With CLTV, however, we can now make the branches explicit in the SCRIPT that the funding transaction pays to.

Instead of paying to a 2-of-2 in order to set up the funding transaction, you pay to a SCRIPT which is basically “2-of-2, OR this singlesig after a specified lock time”.

With this, there is no backoff transaction that is pre-signed and which refers to a specific txid. Instead, you can create the backoff transaction later, using whatever txid the funding transaction ends up being confirmed under. Since the funding transaction is immutable once confirmed, it is no longer possible to change the txid afterwards.

Todd Micropayment Networks

The old hub-spoke model (that isn’t how LN today actually works).

One of the more direct predecessors of the Lightning Network was the hub-spoke model discussed by Peter Todd. In this model, instead of payers directly having channels to payees, payers and payees connect to a central hub server. This allows any payer to pay any payee, using the same channel for every payee on the hub. Similarly, this allows any payee to receive from any payer, using the same channel.

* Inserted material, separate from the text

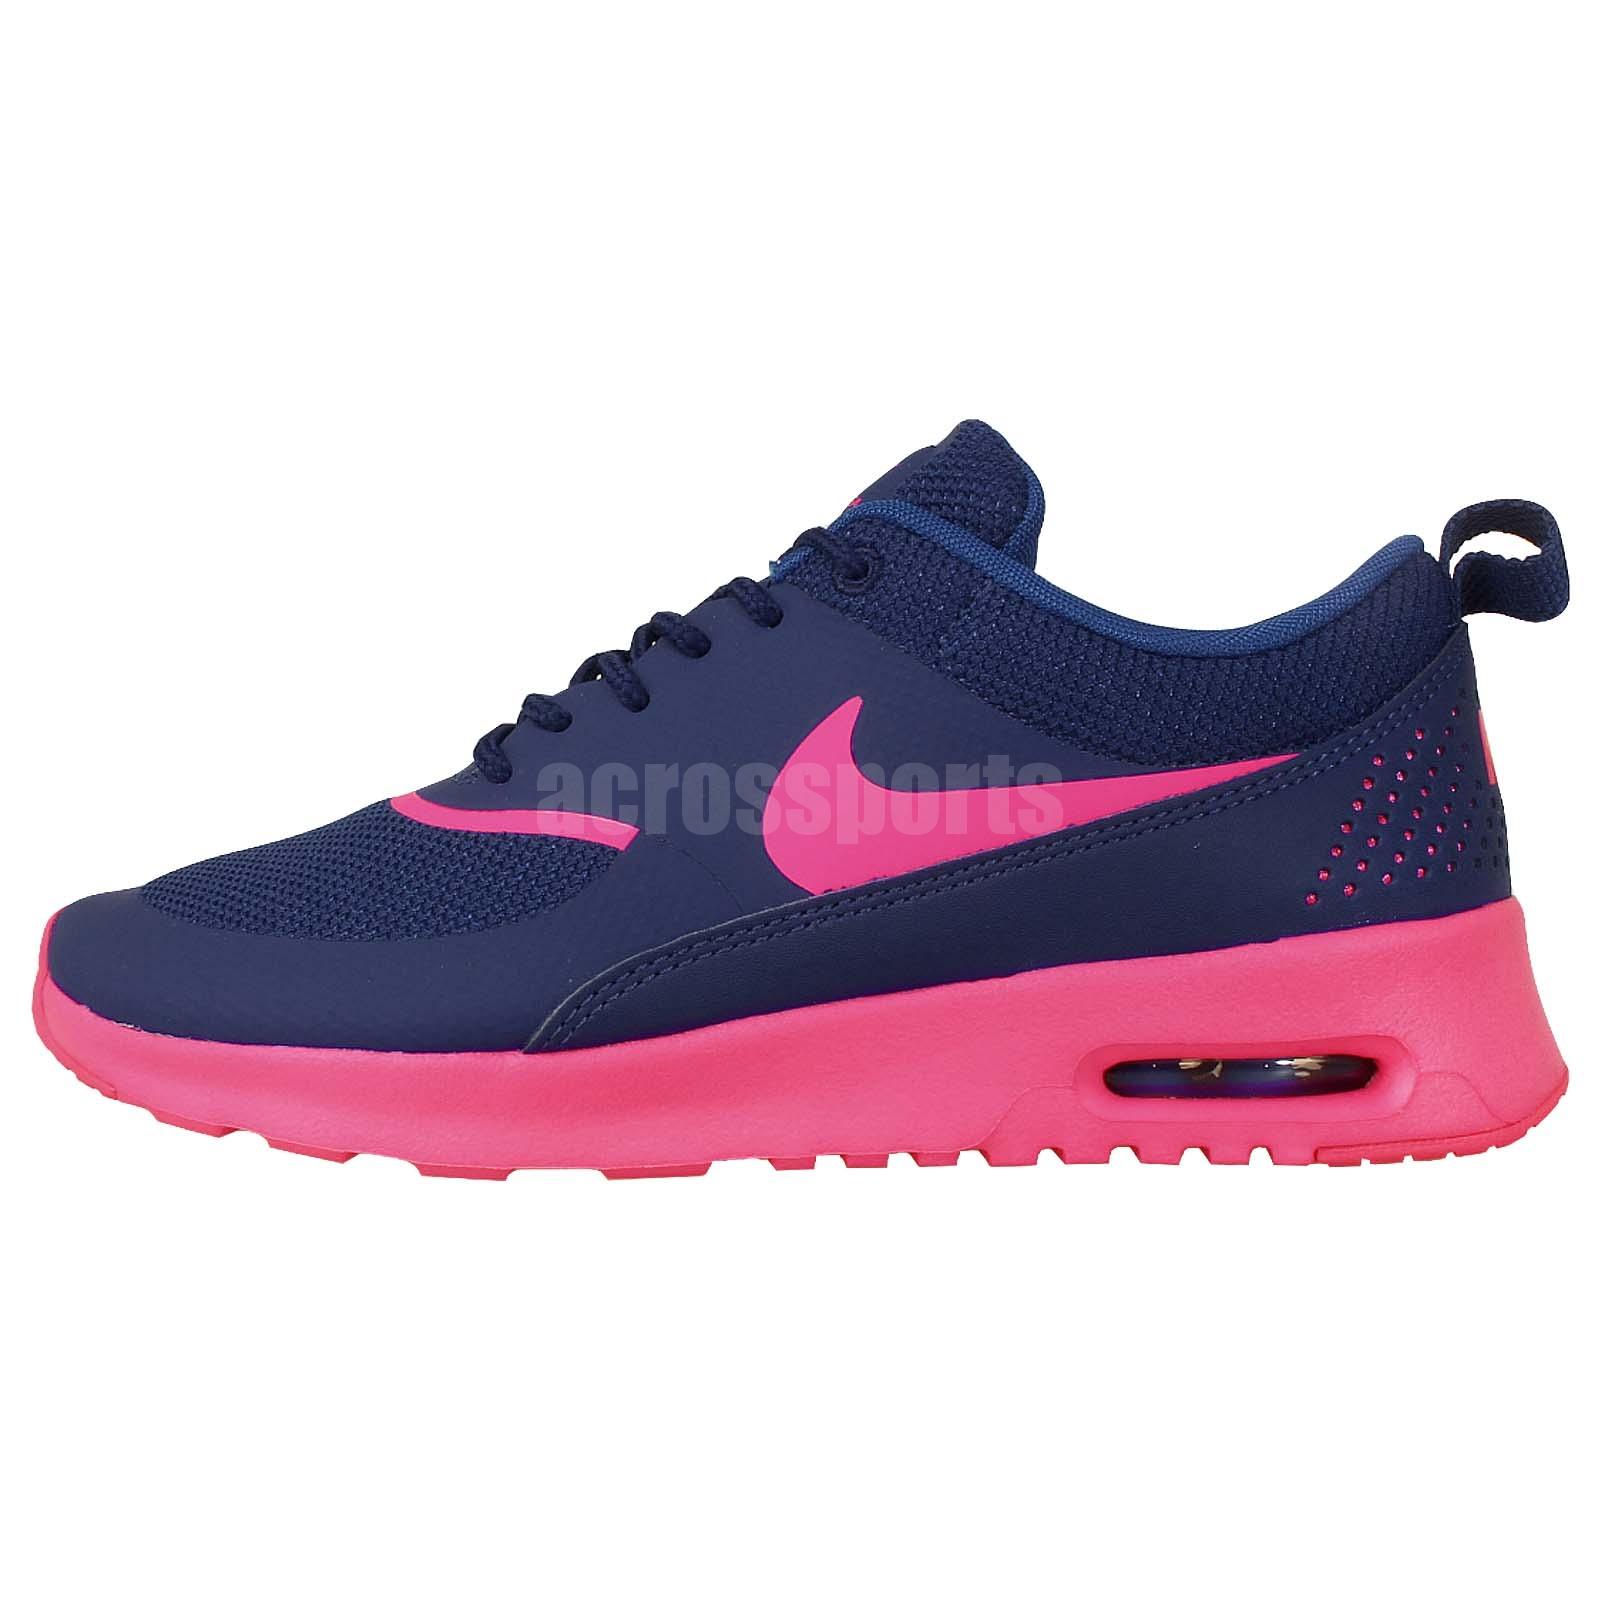 Nike Air Max Womens 2014

Remember from the above Spilman example? When you open a channel to the bartender, you have to wait around for the funding tx to confirm. This will take an hour at best. Now consider that you have to make channels for everyone you want to pay to. That’s not very scalable.

So the Todd hub-spoke model has a central “clearing house” that transport money from payers to payees. The “Moonbeam” project takes this model. Of course, this reveals to the hub who the payer and payee are, and thus the hub can potentially censor transactions. Generally, though, it was considered that a hub would more efficiently censor by just not maintaining a channel with the payer or payee that it wants to censor (since the money it owned in the channel would just be locked uselessly if the hub won’t process payments to/from the censored user).

In any case, the ability of the central hub to monitor payments means that it can surveill the payer and payee, and then sell this private transactional data to third parties. This loss of privacy would be intolerable today.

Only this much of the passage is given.